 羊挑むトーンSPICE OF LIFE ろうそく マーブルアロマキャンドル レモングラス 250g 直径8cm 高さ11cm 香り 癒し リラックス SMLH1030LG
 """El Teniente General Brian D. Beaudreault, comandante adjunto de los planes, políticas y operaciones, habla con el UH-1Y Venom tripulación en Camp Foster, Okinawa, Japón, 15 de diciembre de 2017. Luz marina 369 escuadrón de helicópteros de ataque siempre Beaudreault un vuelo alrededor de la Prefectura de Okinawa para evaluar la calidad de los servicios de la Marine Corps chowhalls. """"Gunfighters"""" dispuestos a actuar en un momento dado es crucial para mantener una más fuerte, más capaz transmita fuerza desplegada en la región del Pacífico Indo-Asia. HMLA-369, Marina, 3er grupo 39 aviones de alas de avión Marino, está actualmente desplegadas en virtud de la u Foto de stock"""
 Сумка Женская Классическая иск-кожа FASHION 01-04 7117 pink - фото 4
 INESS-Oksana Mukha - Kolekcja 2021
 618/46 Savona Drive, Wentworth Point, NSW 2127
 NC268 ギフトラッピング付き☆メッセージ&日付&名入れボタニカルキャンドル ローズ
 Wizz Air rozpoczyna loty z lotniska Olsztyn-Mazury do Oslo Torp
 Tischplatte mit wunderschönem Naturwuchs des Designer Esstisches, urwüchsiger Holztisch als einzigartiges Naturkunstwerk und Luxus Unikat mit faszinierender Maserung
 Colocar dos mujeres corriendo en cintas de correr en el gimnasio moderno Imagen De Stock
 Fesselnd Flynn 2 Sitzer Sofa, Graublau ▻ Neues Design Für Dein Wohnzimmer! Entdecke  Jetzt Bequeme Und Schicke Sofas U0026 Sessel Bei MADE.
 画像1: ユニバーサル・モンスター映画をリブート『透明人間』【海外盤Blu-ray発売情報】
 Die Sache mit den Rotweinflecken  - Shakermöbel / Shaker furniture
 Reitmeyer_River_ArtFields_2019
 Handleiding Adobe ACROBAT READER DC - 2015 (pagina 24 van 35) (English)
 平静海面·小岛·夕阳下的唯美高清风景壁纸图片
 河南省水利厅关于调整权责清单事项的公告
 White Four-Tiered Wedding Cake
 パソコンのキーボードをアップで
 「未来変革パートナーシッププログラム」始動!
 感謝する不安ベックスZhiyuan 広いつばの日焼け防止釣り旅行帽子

■ ■ ■

Write each entry out again. Do not change a word.

 羊挑むトーンSPICE OF LIFE ろうそく マーブルアロマキャンドル レモングラス 250g 直径8cm 高さ11cm 香り 癒し リラックス SMLH1030LG
 """El Teniente General Brian D. Beaudreault, comandante adjunto de los planes, políticas y operaciones, habla con el UH-1Y Venom tripulación en Camp Foster, Okinawa, Japón, 15 de diciembre de 2017. Luz marina 369 escuadrón de helicópteros de ataque siempre Beaudreault un vuelo alrededor de la Prefectura de Okinawa para evaluar la calidad de los servicios de la Marine Corps chowhalls. """"Gunfighters"""" dispuestos a actuar en un momento dado es crucial para mantener una más fuerte, más capaz transmita fuerza desplegada en la región del Pacífico Indo-Asia. HMLA-369, Marina, 3er grupo 39 aviones de alas de avión Marino, está actualmente desplegadas en virtud de la u Foto de stock"""
 Сумка Женская Классическая иск-кожа FASHION 01-04 7117 pink - фото 4
 INESS-Oksana Mukha - Kolekcja 2021
 618/46 Savona Drive, Wentworth Point, NSW 2127
 NC268 ギフトラッピング付き☆メッセージ&日付&名入れボタニカルキャンドル ローズ
 Wizz Air rozpoczyna loty z lotniska Olsztyn-Mazury do Oslo Torp
 Tischplatte mit wunderschönem Naturwuchs des Designer Esstisches, urwüchsiger Holztisch als einzigartiges Naturkunstwerk und Luxus Unikat mit faszinierender Maserung
 Colocar dos mujeres corriendo en cintas de correr en el gimnasio moderno Imagen De Stock
 Fesselnd Flynn 2 Sitzer Sofa, Graublau ▻ Neues Design Für Dein Wohnzimmer! Entdecke  Jetzt Bequeme Und Schicke Sofas U0026 Sessel Bei MADE.
 画像1: ユニバーサル・モンスター映画をリブート『透明人間』【海外盤Blu-ray発売情報】
 Die Sache mit den Rotweinflecken  - Shakermöbel / Shaker furniture
 Reitmeyer_River_ArtFields_2019
 Handleiding Adobe ACROBAT READER DC - 2015 (pagina 24 van 35) (English)
 平静海面·小岛·夕阳下的唯美高清风景壁纸图片
 河南省水利厅关于调整权责清单事项的公告
 White Four-Tiered Wedding Cake
 パソコンのキーボードをアップで
 「未来変革パートナーシッププログラム」始動!
 感謝する不安ベックスZhiyuan 広いつばの日焼け防止釣り旅行帽子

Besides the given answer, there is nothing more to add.